On Being Black in China

In the first half of the 20th century, Chinese and black American intellectuals frequently collaborated. Langston Hughes, the world-renowned black American    writer and poet, met Lu Xun, the father of modern Chinese literature, in Shanghai in the 1930s to work on theories and language for a universal,    pluralistic, transnational form of cooperative nationalism. Paul Robeson, a professional actor/singer and social activist, was also a staunch ally of China’s. He    actively fundraised for the Chinese Defense League, the precursor of the China Welfare Institute founded by Soong Ching-ling, the wife of Sun Yat-sen, a Chinese revolutionary considered to be the founder of the Republic of China (ROC). He also popularized the current Chinese National Anthem, the    March of Volunteers, to a global audience by singing the song in Mandarin Chinese for audiences around the world. A number of other black scholars    visited China during the first half of the 20th century, including W.E.B. Dubois, one of the founders of the NAACP, and Rayford Logan, a Howard    University history professor.

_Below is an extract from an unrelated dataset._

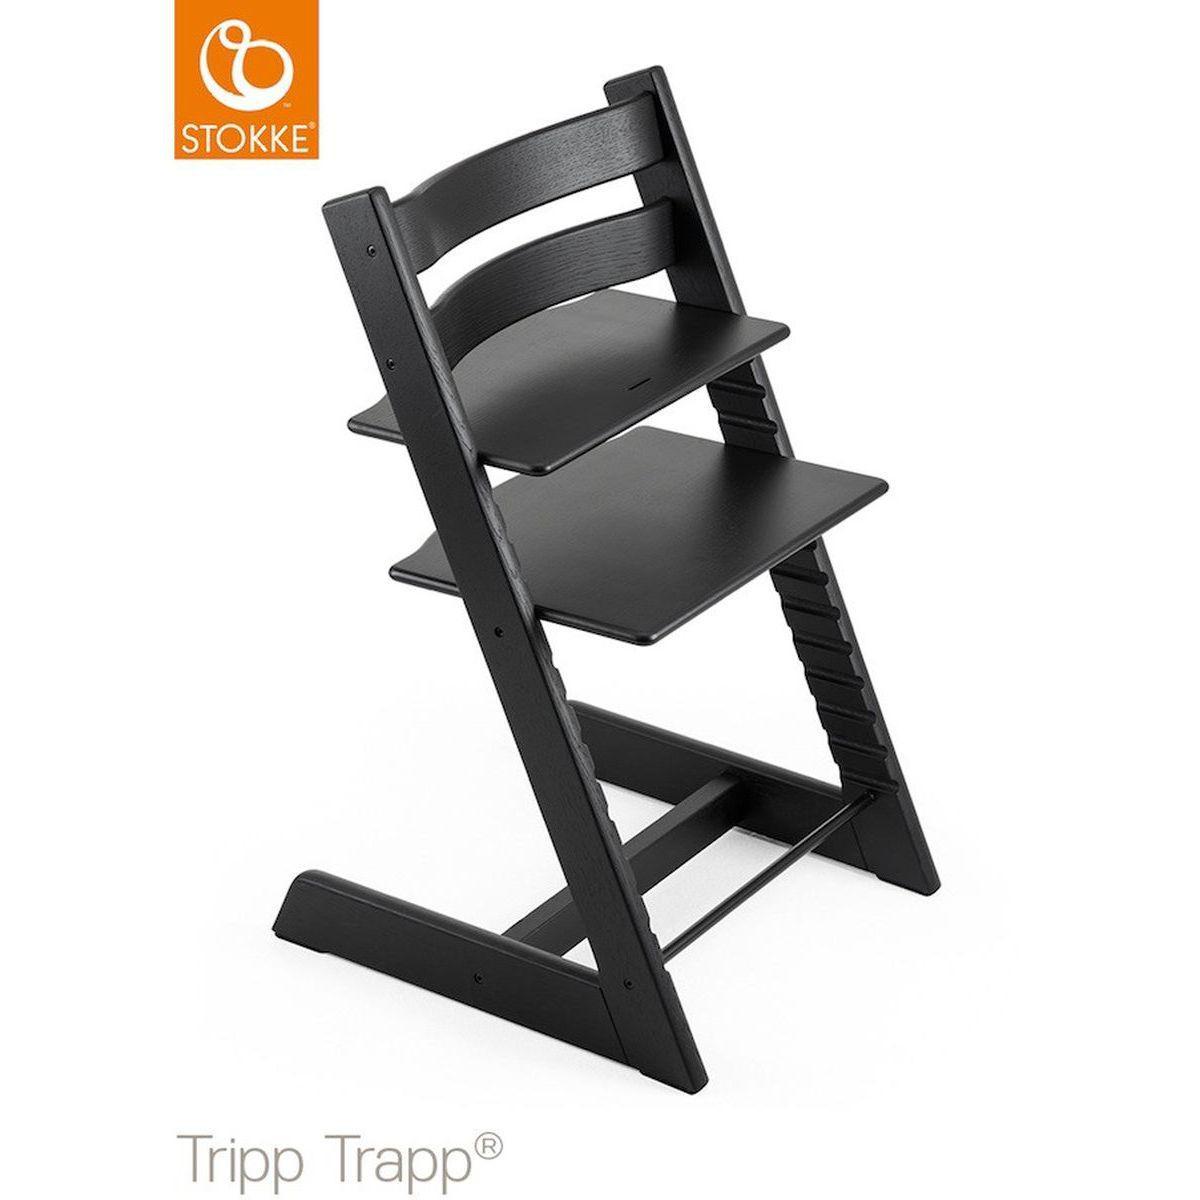 Chaise haute chêne TRIPP TRAPP Stokke noir

While in exile in Cuba in the early 60s, black internationalist Robert F. Williams corresponded with Mao Zedong to support the Civil Rights Movement in the    U.S. Mao wrote his,    Statement Supporting the Afro-American in Their Just Struggle Against Racial Discrimination by U.S. Imperialism on August 8, 1963. He declared:

    I call on the workers, peasants, revolutionary intellectuals … whether white, black, yellow, or brown, to unite to oppose the racial discrimination practiced    by U.S. imperialism and support the black people in their struggle against racial discrimination.